[英]JS regex match, condition without capturing
I need to capture number after 'id-odes=' but only number without this phrase. 我需要在'id-odes ='之后捕获数字,但只有没有这个短语的数字。 I wrote something like this 我写了这样的东西
"id-odes=50388635:id-odes=503813535:id-odes=50334635"
.match(/(?:id-odes=)([0-9]*)/g);
but it returns 但它回来了
["id-odes=50388635", "id-odes=503813535", "id-odes=50334635"]
instead of 代替
[50388635, 503813535, 50334635]
Please help and explain why my way doesn't work properly. 请帮助解释为什么我的方式无法正常工作。 Thanks 谢谢
If you want to iterate over the matches then you can use something like: 如果你想迭代匹配,那么你可以使用类似的东西:
s = "id-odes=50388635:id-odes=503813535:id-odes=50334635"
re = /(?:id-odes=)([0-9]*)/
while (match = re.exec(s))
{
console.log(match[1]); // This is the number part
}
Assuming the whole string is in exactly this format you can of course use "id-odes=50388635:id-odes=503813535:id-odes=50334635".match(/[0-9]+/g)

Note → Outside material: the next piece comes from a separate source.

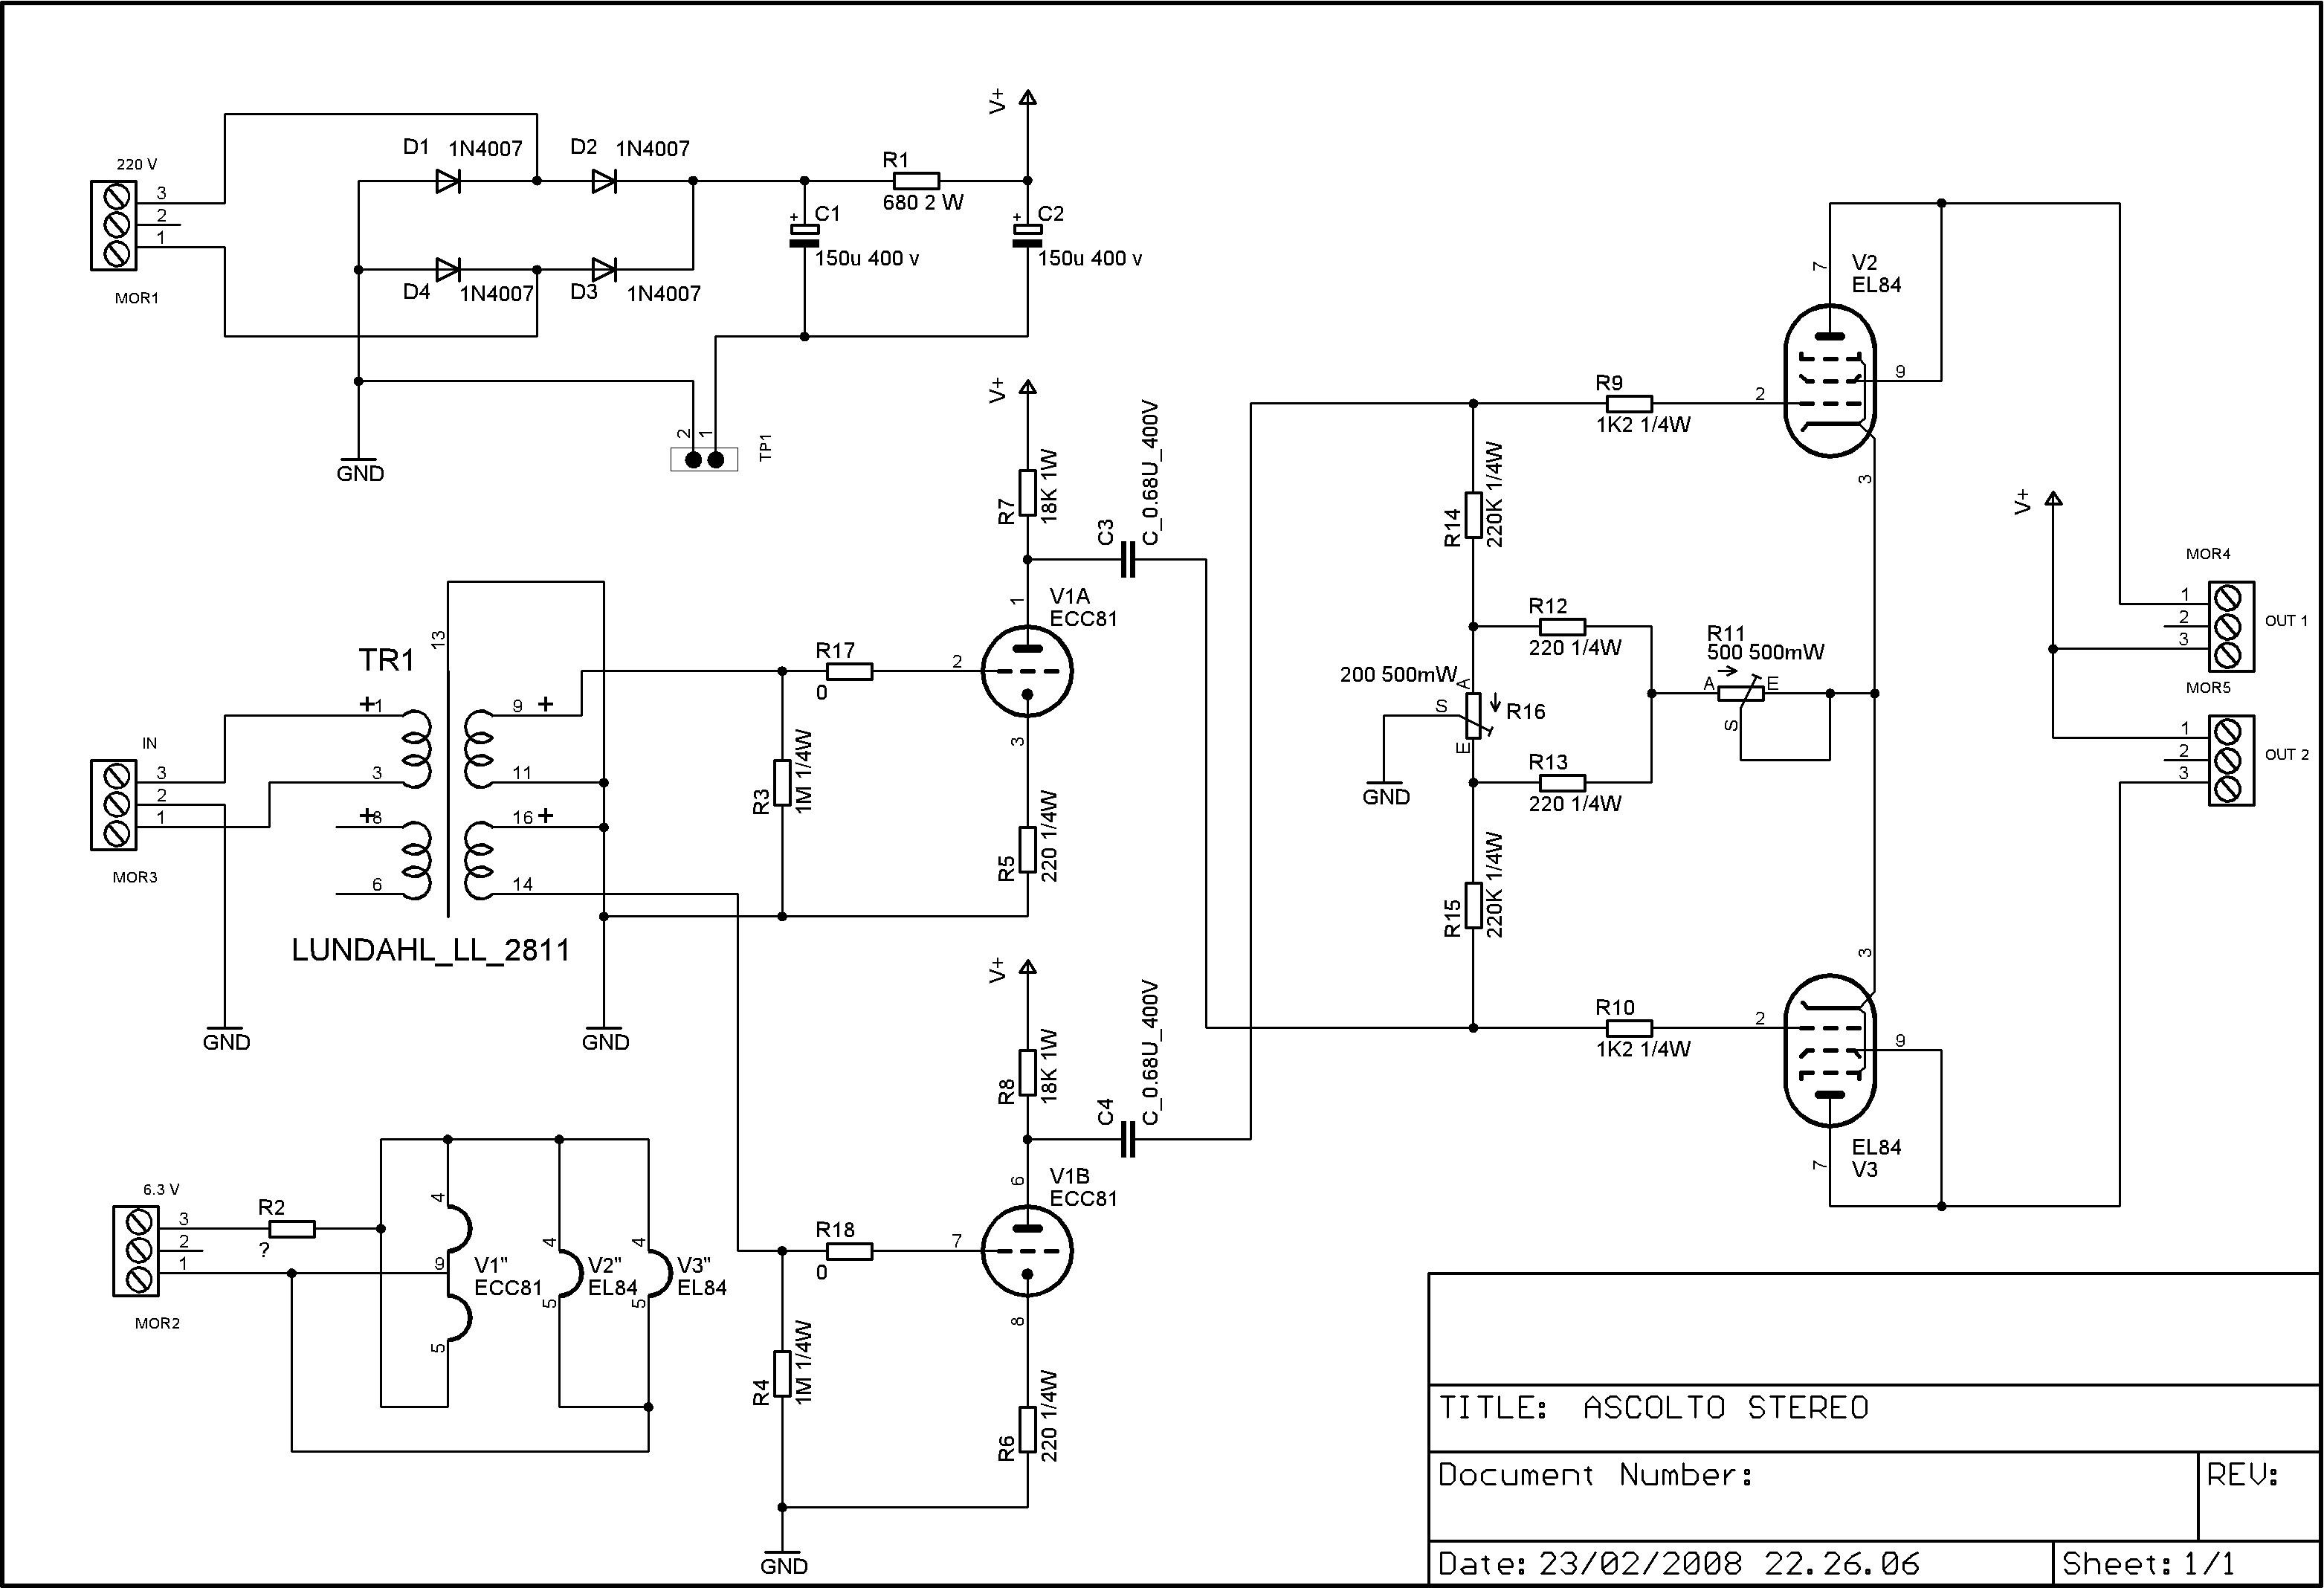 Schemi Elettrici Amplificatori Audio Con N : Schema elettrico trasformatore snap unifilare
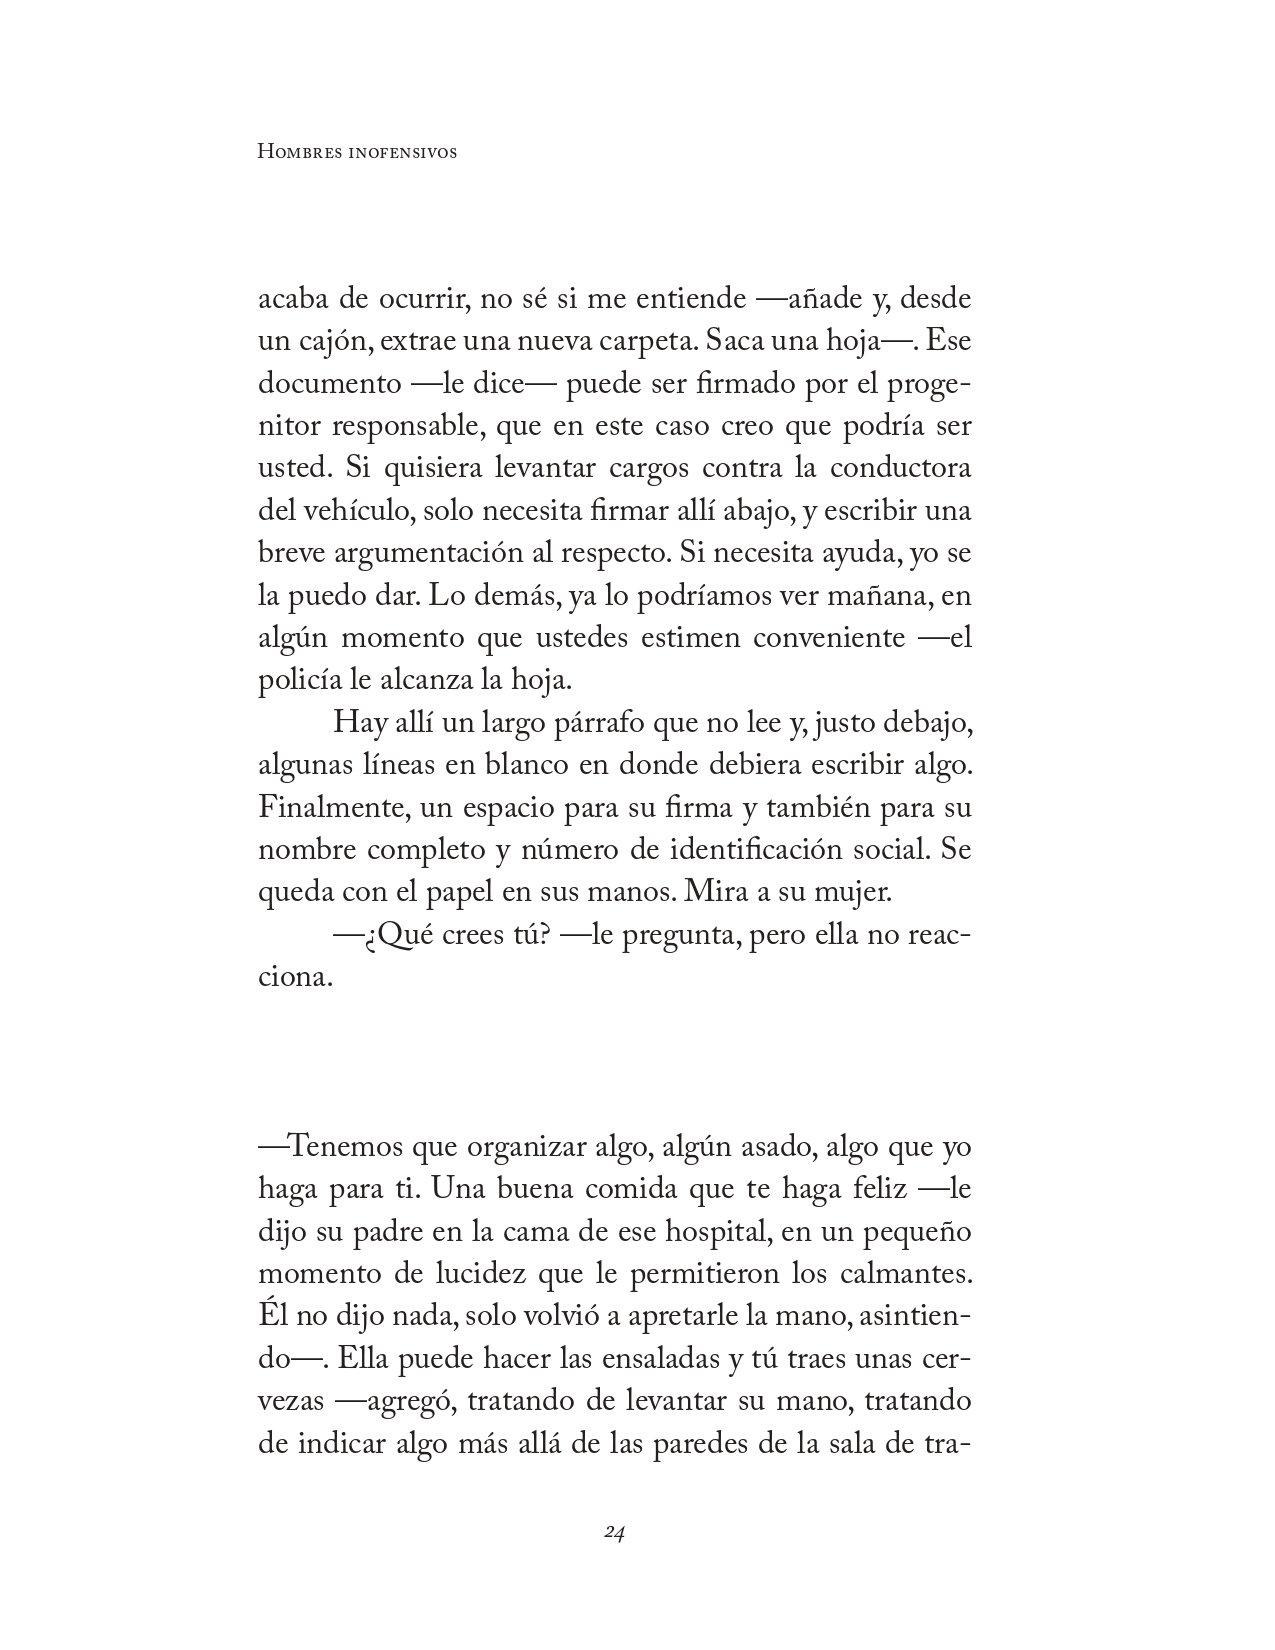 Adelanto_Hombres_Inofensivos_Patricio_Tapia_page-0021.jpg

but that of course breaks if there are any other numbers in the string. 假设整个字符串都是这种格式,你当然可以使用"id-odes=50388635:id-odes=503813535:id-odes=50334635".match(/[0-9]+/g)
但当然如果字符串中有任何其他数字则中断。
Explanation why .match(/(?:id-odes=)([0-9]*)/g);
解释原因.match(/(?:id-odes=)([0-9]*)/g);
gives you the wrong result is quite simple: You get back everything that the regex matched, regardless of capturing groups. 给你错误的结果非常简单:无论捕获组如何,你都可以获得正则表达式匹配的所有内容。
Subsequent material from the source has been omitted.